Every 25th January Scotland celebrates the life of the National Bard, Robert Burns with Burns’ Night; an entertaining evening of food, dancing and verse. It’s held on the anniversary of Burns’ birth. The celebrations were originally started by some of his close friends a few years after his death and now it is celebrated as Burns’ Night. You can join in with the festivities at many restaurants across Scotland that host formal Burns’ Night dinners or you could even organise your own Burns celebrations. I think that with some alternations to the traditional Burns’ Night set up you could have a very nice cultural class focused on listening, vocabulary and speaking.

Burns’ Night Menu

The star of the night of any good Burns’ Supper menu is the iconic haggis, or as the bard himself described it, the ‘great chieftain o’ the puddin’-race’. Traditional accompaniments to the haggis are neeps and tatties more commonly known – turnip and potatoes. These are normally served mashed and a starter is a home-made Scots broth or cock-a-leekie soup. To round off your Burns’ Supper menu, pudding might consist of a traditional Clootie Dumpling, a classic cranachan or shortbread.

It might be difficult to host the full dinner in the class but you could pick up something like shortbread. You could organize a great bake off and ask for some volunteers to make shortbread (recipe here) at home and bring it to the class. If there are no brave bakers in your class, ask students to bring their national alternative of shortbread to the class. It’d also be a good opportunity to discuss the language of recipes in English.

Burns’ Supper Music

The haggis is traditionally piped in, which could prove difficult if neither anyone in the class can play the bagpipes or even have a set! However, there is no shortage of downloads of Robert Burns’ songs or more modern Scottish folk, which you can use to listen to or have in the background during the lesson. A rousing chorus of ‘Auld Lang Syne’ (click here for lyrics) at the end of the night/lesson is a must.

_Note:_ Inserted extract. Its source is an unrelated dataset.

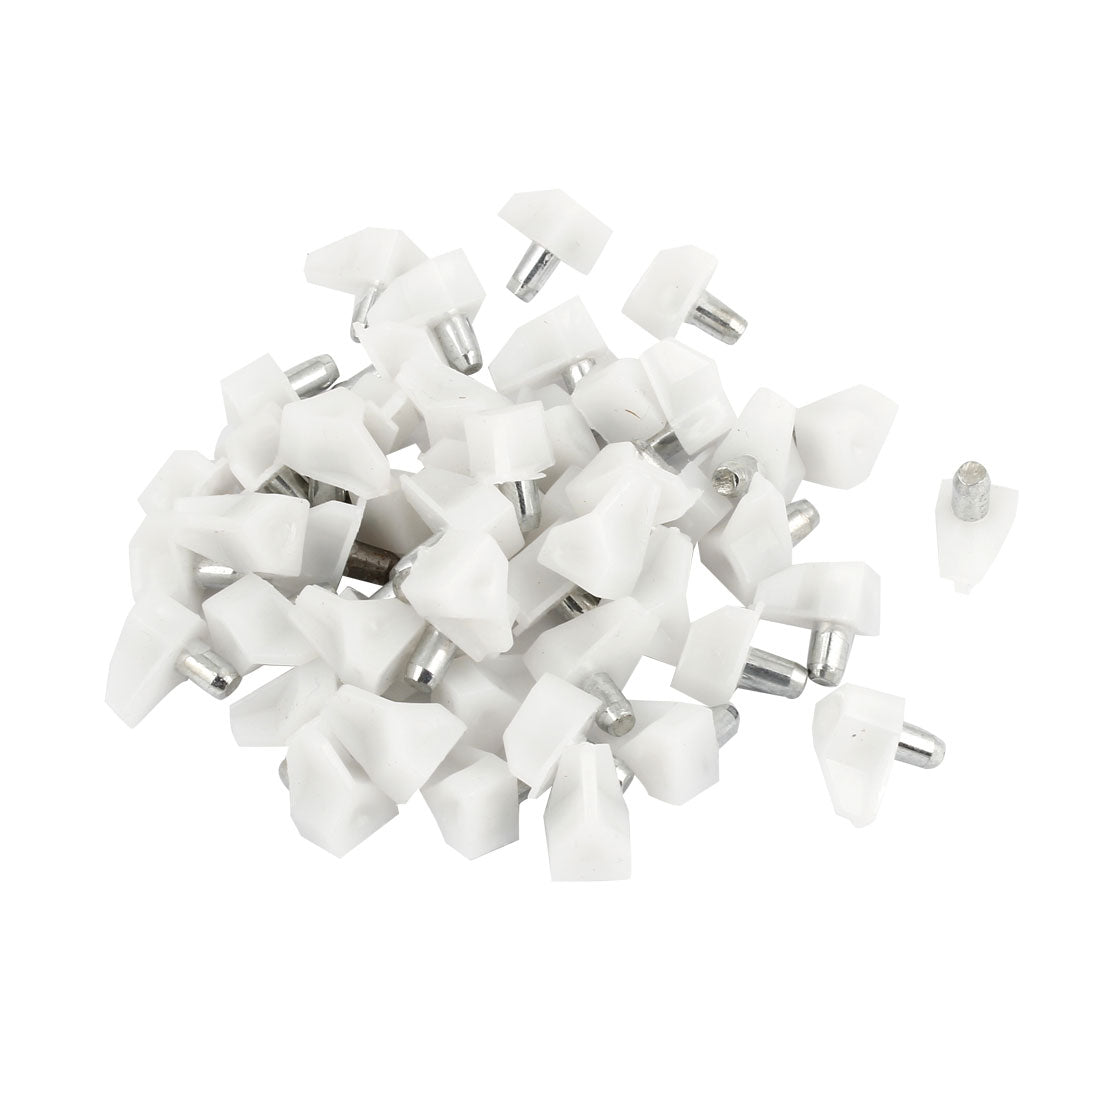 uxcell Uxcell Furniture Hardware Glass Plastic Shelf Support Pin Silver Tone White 50 Pcs

Burns’ Supper Poems and Toasts

Traditional recitals on the evening include the Selkirk Grace and the Address to a Haggis (video), it’s a tricky text and read out loud while cutting haggis. It would be great to do a little bit with some more advance groups. Others include a speech commemorating Burns and a toast to the great man, known as the Immortal Memory and the Address to the Lassies.

Selkirk Grace

Some have meat and cannot eat,
Some cannot eat that want it;
But we have meat, and we can eat,
Sae let the Lord be thank it

Burns’ Supper Dress: Tartan

It is definitely recommended that you wear at least a little bit of tartan! Whether it be a tartan hat, a tartan tie, napkins, hats, brooches or the full kilt get-up, it’s entirely up to you. Let your students be creative! Maybe you could organize an arts & crafts activity during the class.

Here is a typical run through and description of what is involved in a Burns’ Supper to include in your lesson.

You can even download the complete works of Robert Burns for free to your iPhone for an easy way to pick your readings. The iPhone/iPad app offering you 558 of his poems and love songs complete with a useful glossary of terms to help interpret the Scots dialect.

Some of my favourite Scottish words:

tatties= potatoes
lassie= girl
trews= trousers
wean= child

I celebrated my first Burns’ Night last year and am getting ready for this year!